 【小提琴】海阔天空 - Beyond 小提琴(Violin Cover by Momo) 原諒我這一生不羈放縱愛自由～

========================================================================

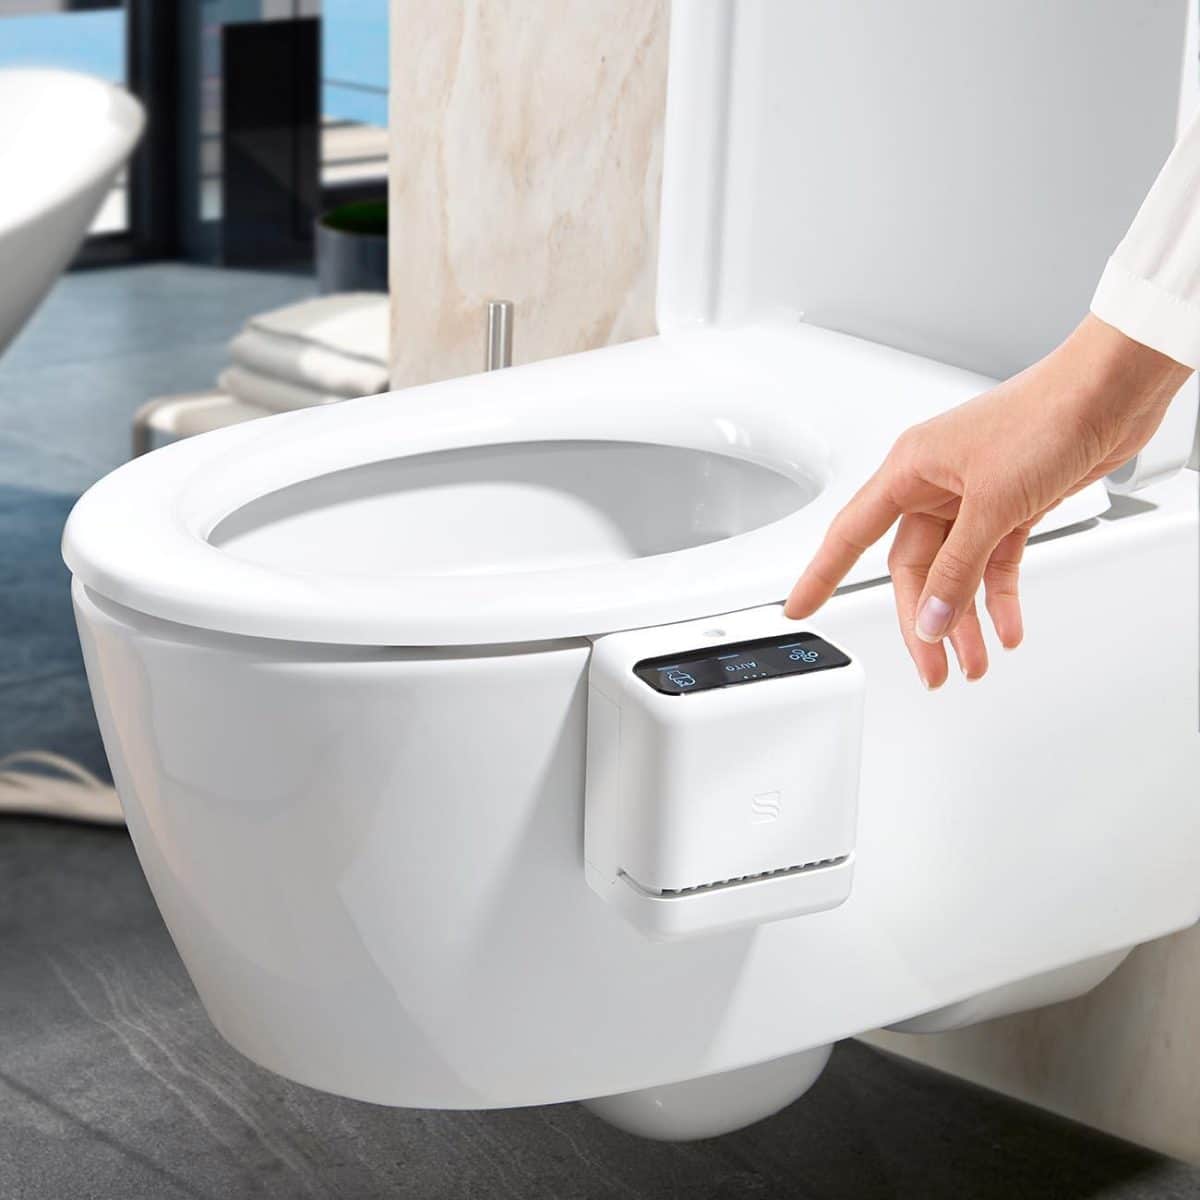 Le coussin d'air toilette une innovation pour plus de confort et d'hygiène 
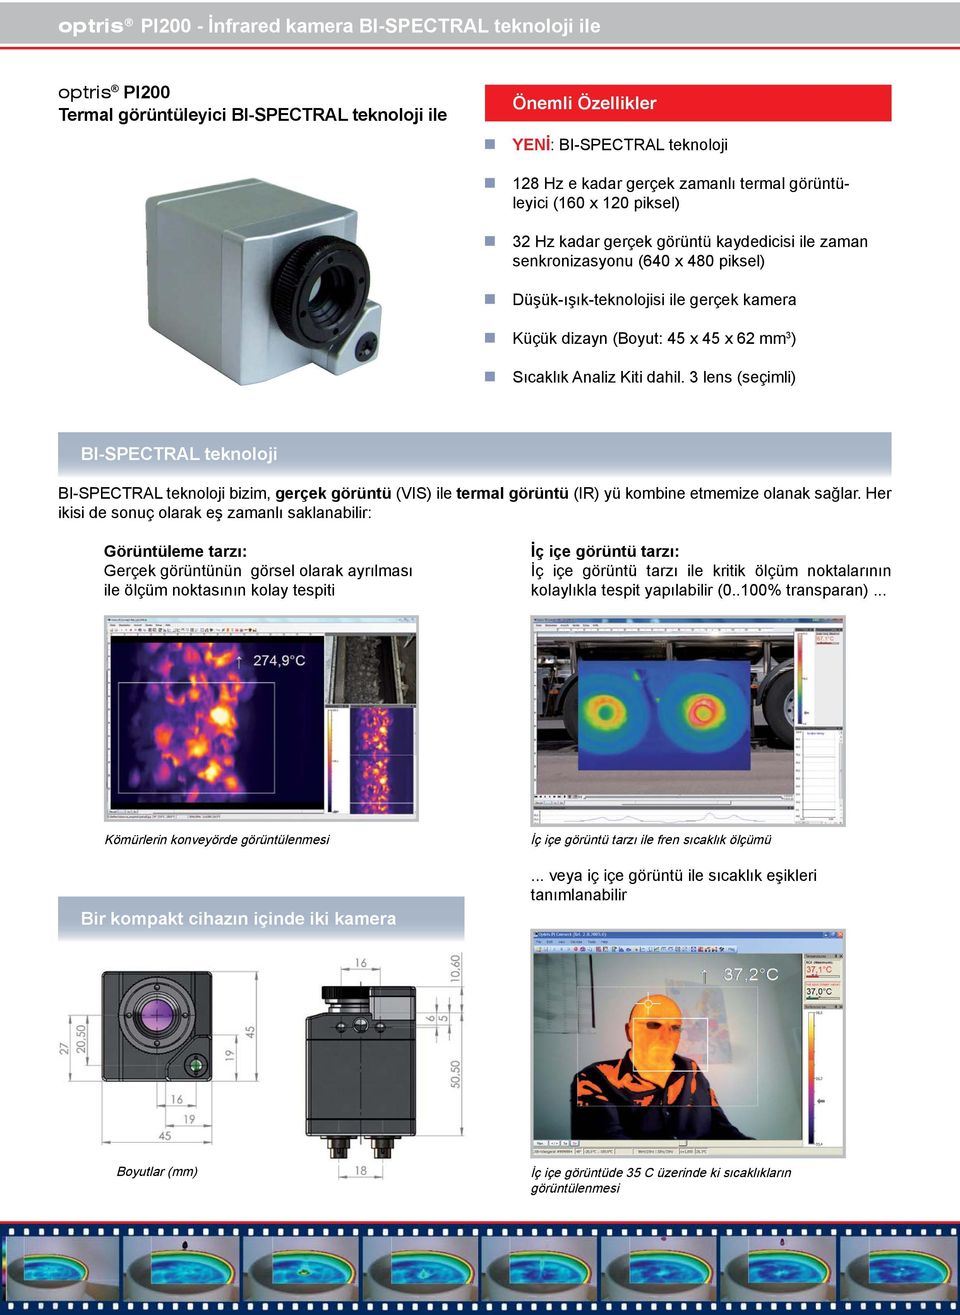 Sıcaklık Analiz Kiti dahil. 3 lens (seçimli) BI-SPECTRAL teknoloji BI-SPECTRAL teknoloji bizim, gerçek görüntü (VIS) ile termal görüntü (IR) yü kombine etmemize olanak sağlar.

========================================================================

— WHAT THIS TASK INVOLVES —
Taking the material above, give again exactly the lines from the one holding "Le coussin d'air" through the one holding "Sıcaklık Analiz Kiti", with both ends and without pictures.

— ANSWER TO THIS EXERCISE —
 Le coussin d'air toilette une innovation pour plus de confort et d'hygiène 
 Sıcaklık Analiz Kiti dahil. 3 lens (seçimli) BI-SPECTRAL teknoloji BI-SPECTRAL teknoloji bizim, gerçek görüntü (VIS) ile termal görüntü (IR) yü kombine etmemize olanak sağlar.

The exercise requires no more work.